━━━ SUPPLIED MATERIAL
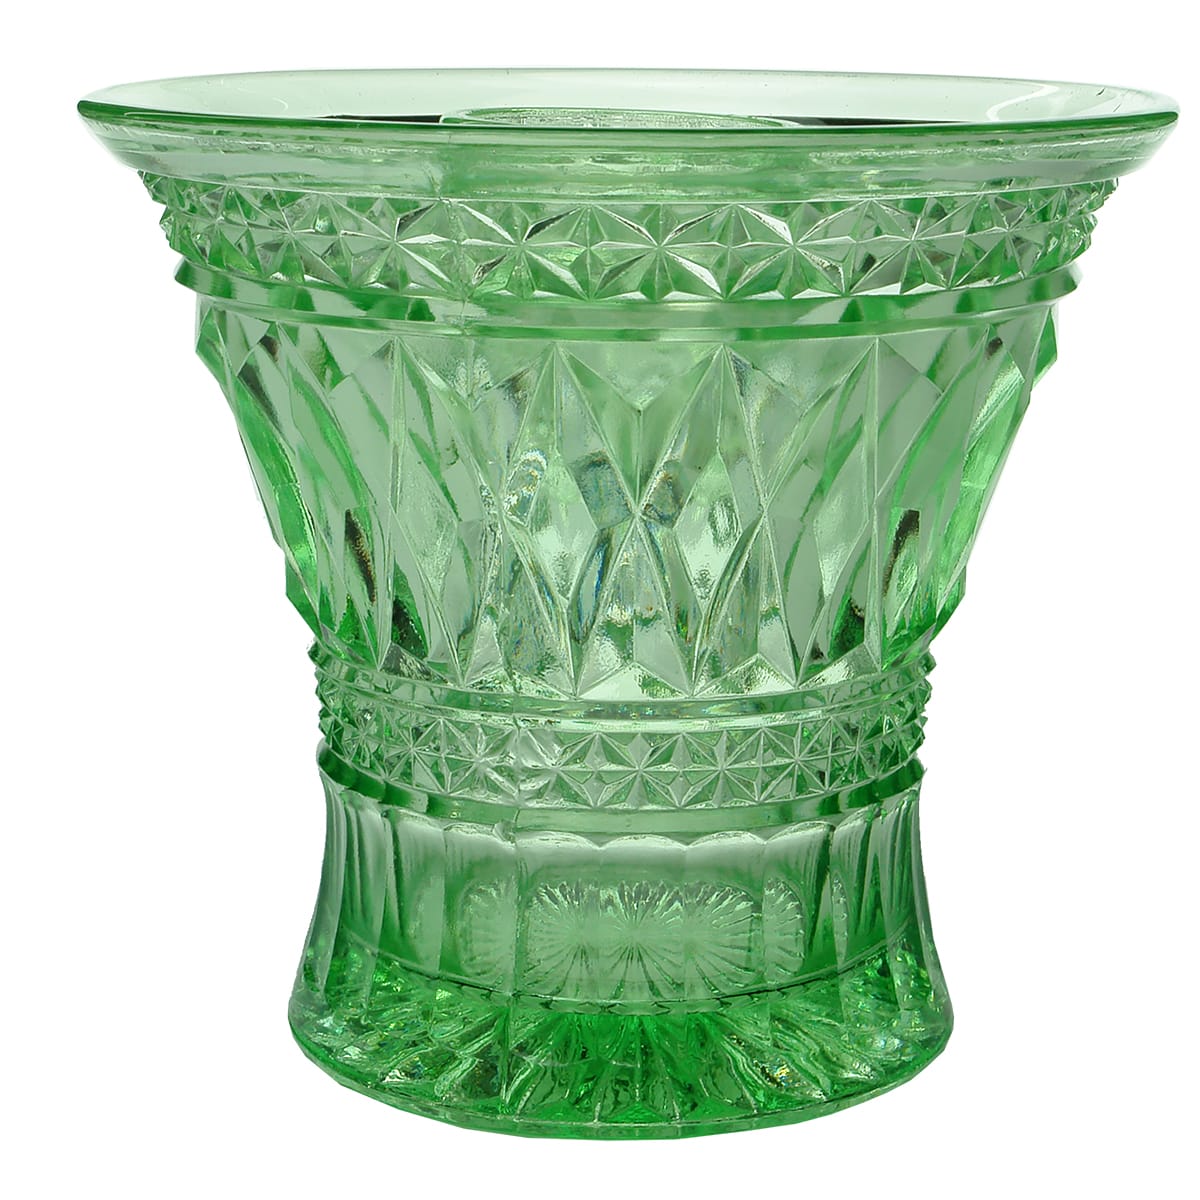 Glassware. Ornate green diamond pattern depression glass vase with frog.
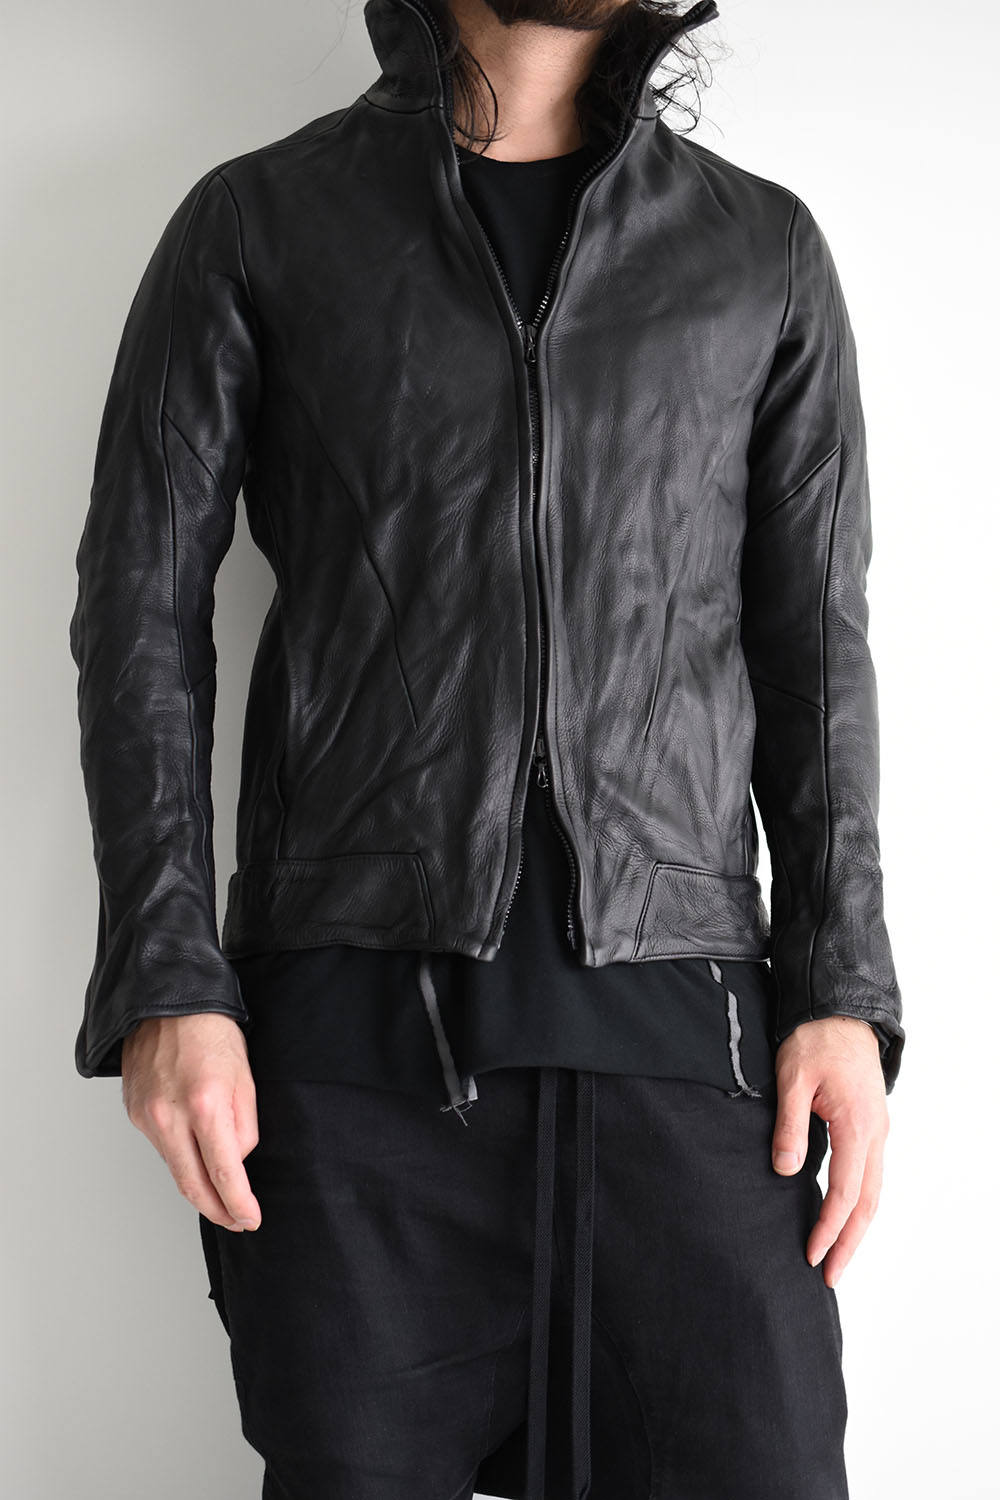 CIVILIZED シヴィライズド レザートラックジャケット 限定色グレーファッション
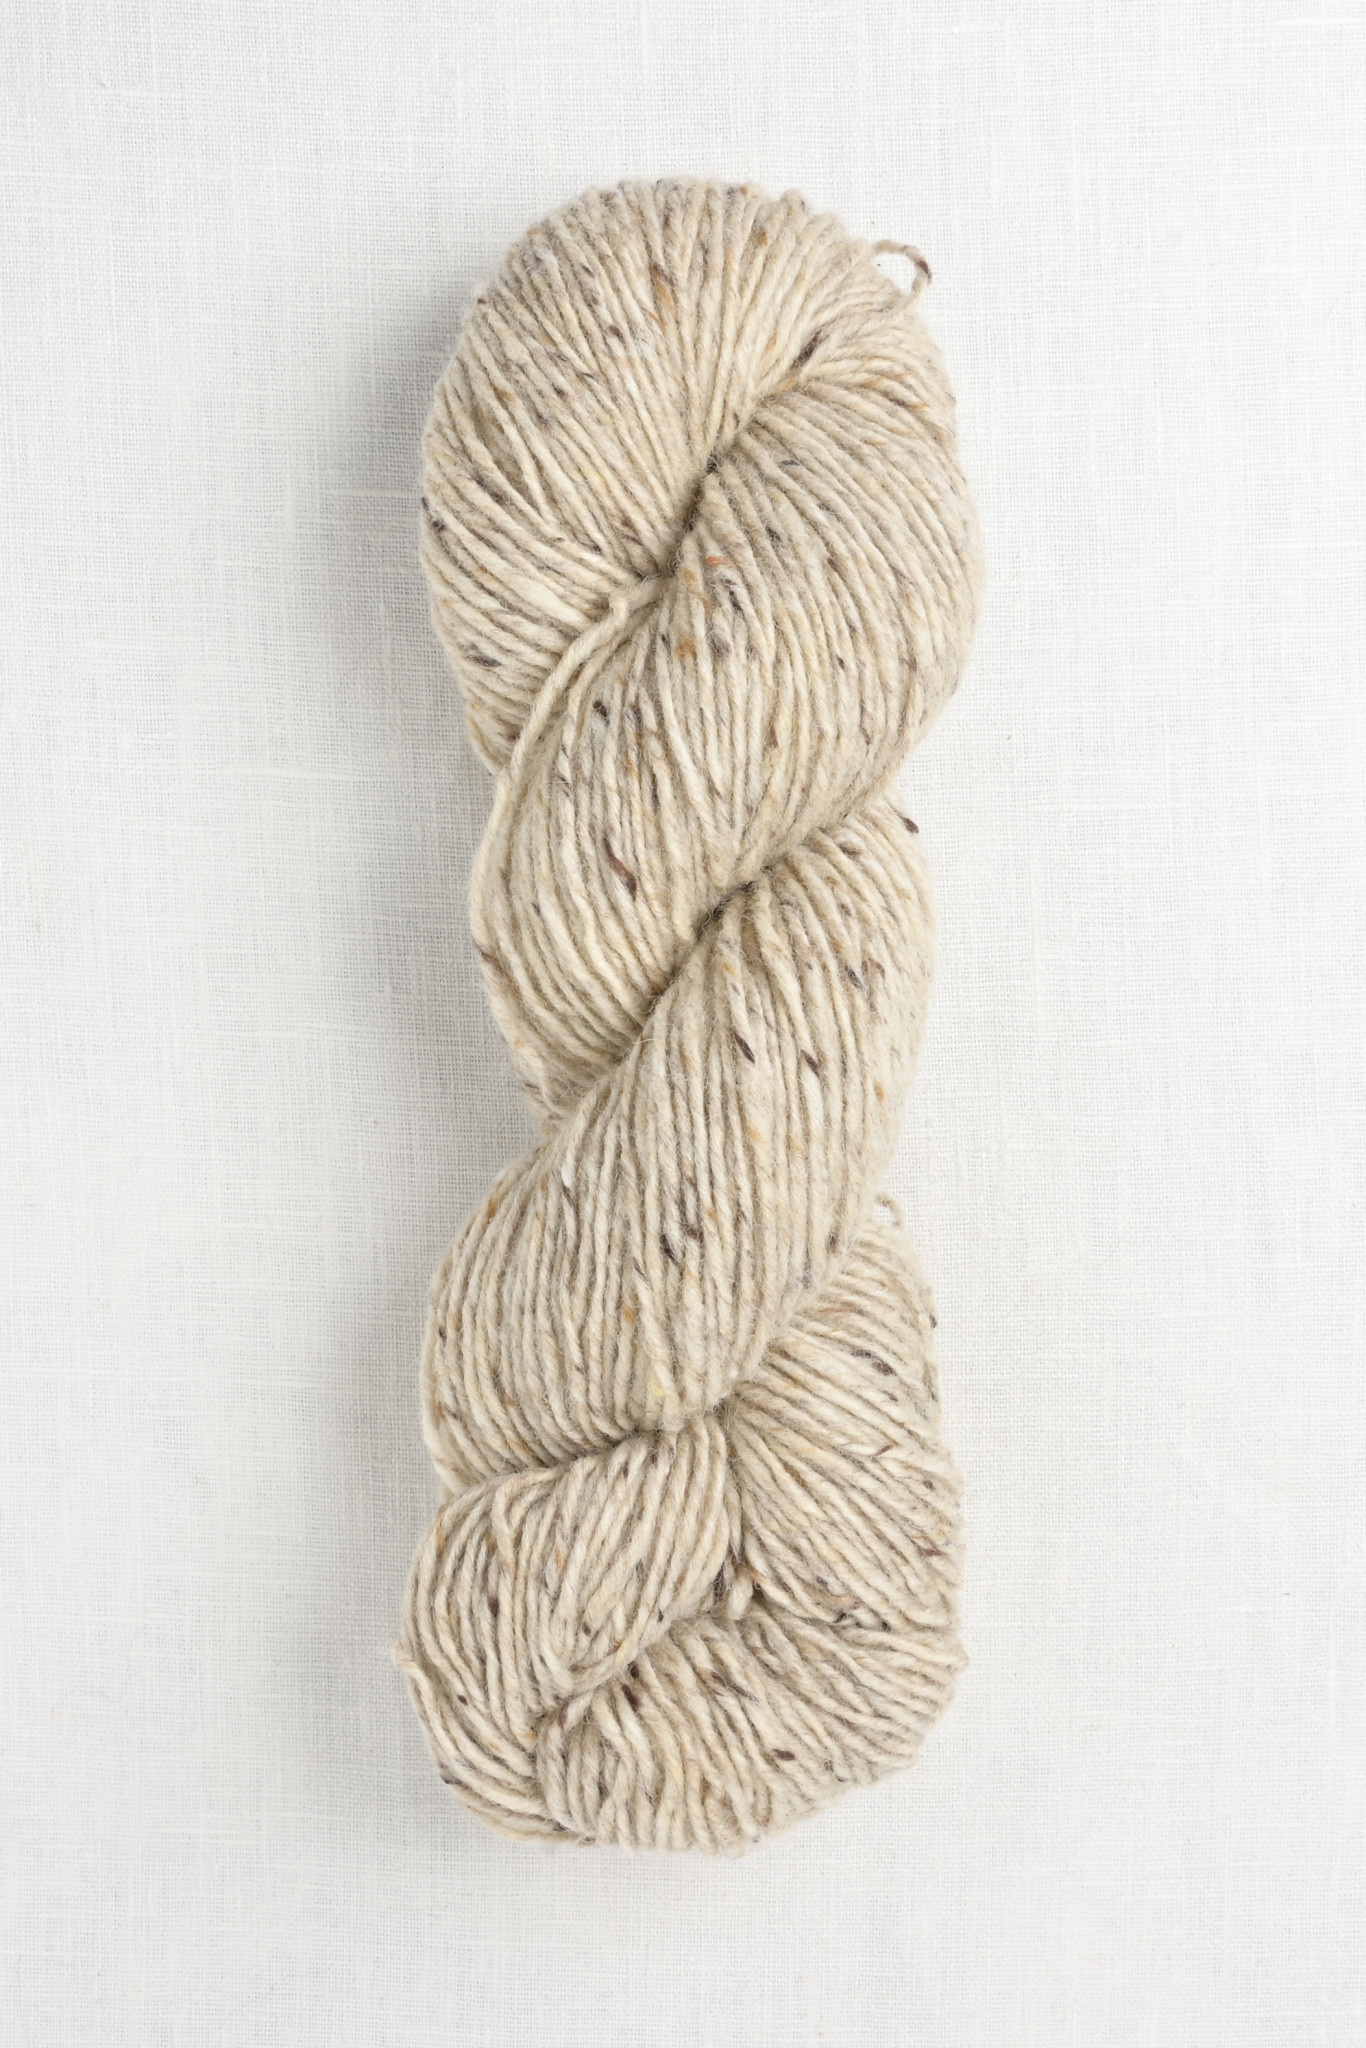 mølle paritet Ikke nok Isager Aran Tweed Sand - Wool and Company Fine Yarn
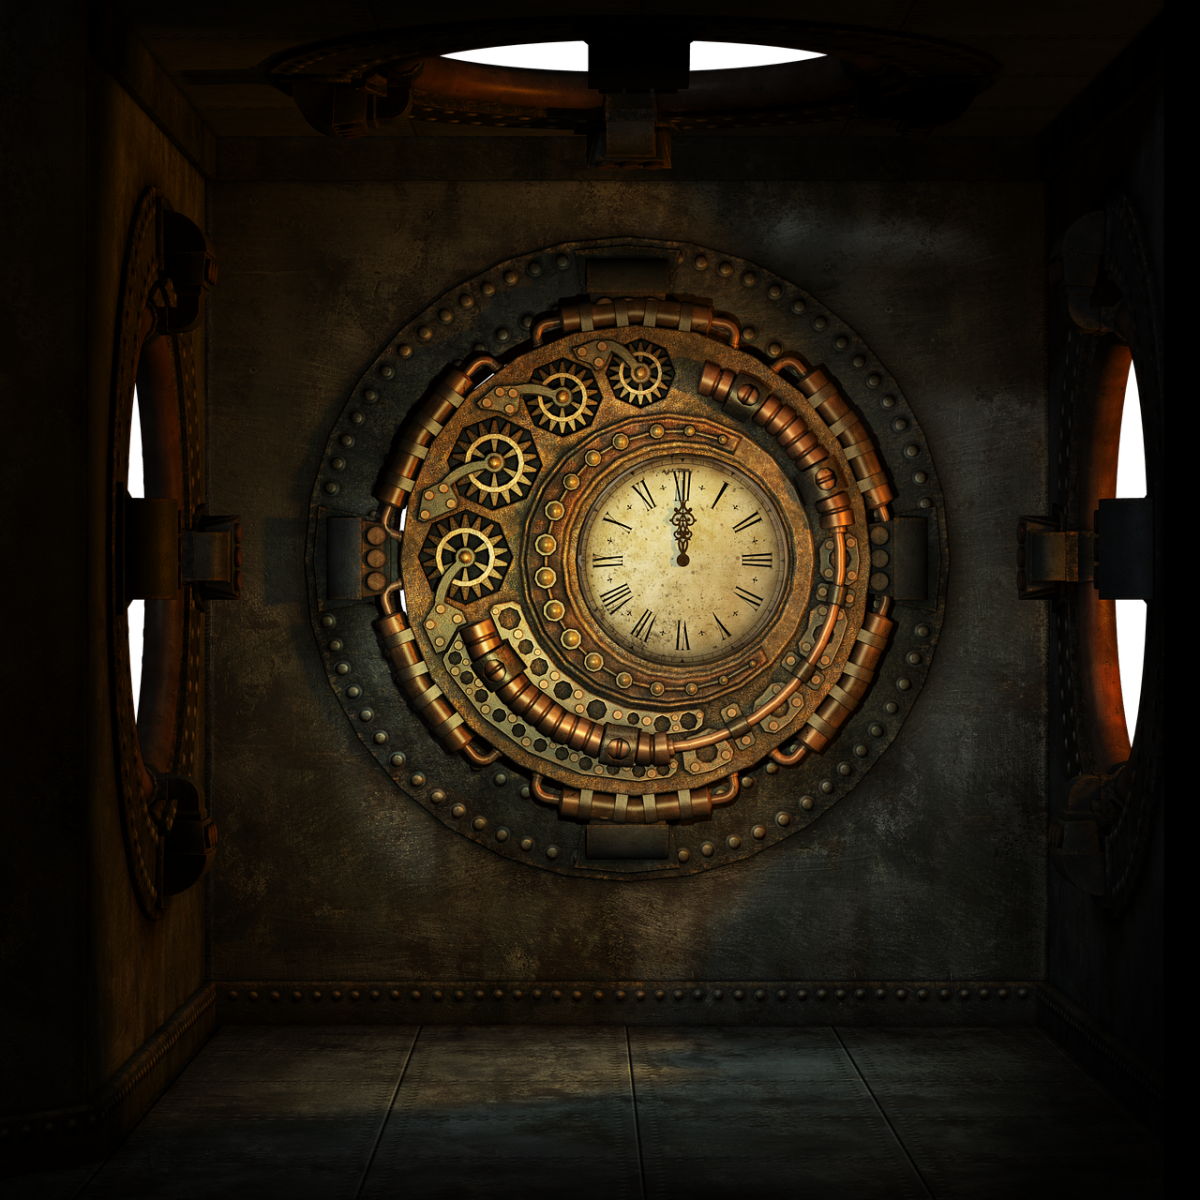 Steampunk clock courtesy 3209107 on Pixabay
━━━━━━
> _GOAL OF THE EXERCISE_
Line by line, reproduce exactly the lines from the one containing "CIVILIZED シヴィライズド レザートラックジャケット 限定色グレーファッション" through the final line of the material, both included, leaving every picture out.

> _EXERCISE ANSWER_
 CIVILIZED シヴィライズド レザートラックジャケット 限定色グレーファッション
 mølle paritet Ikke nok Isager Aran Tweed Sand - Wool and Company Fine Yarn
 Steampunk clock courtesy 3209107 on Pixabay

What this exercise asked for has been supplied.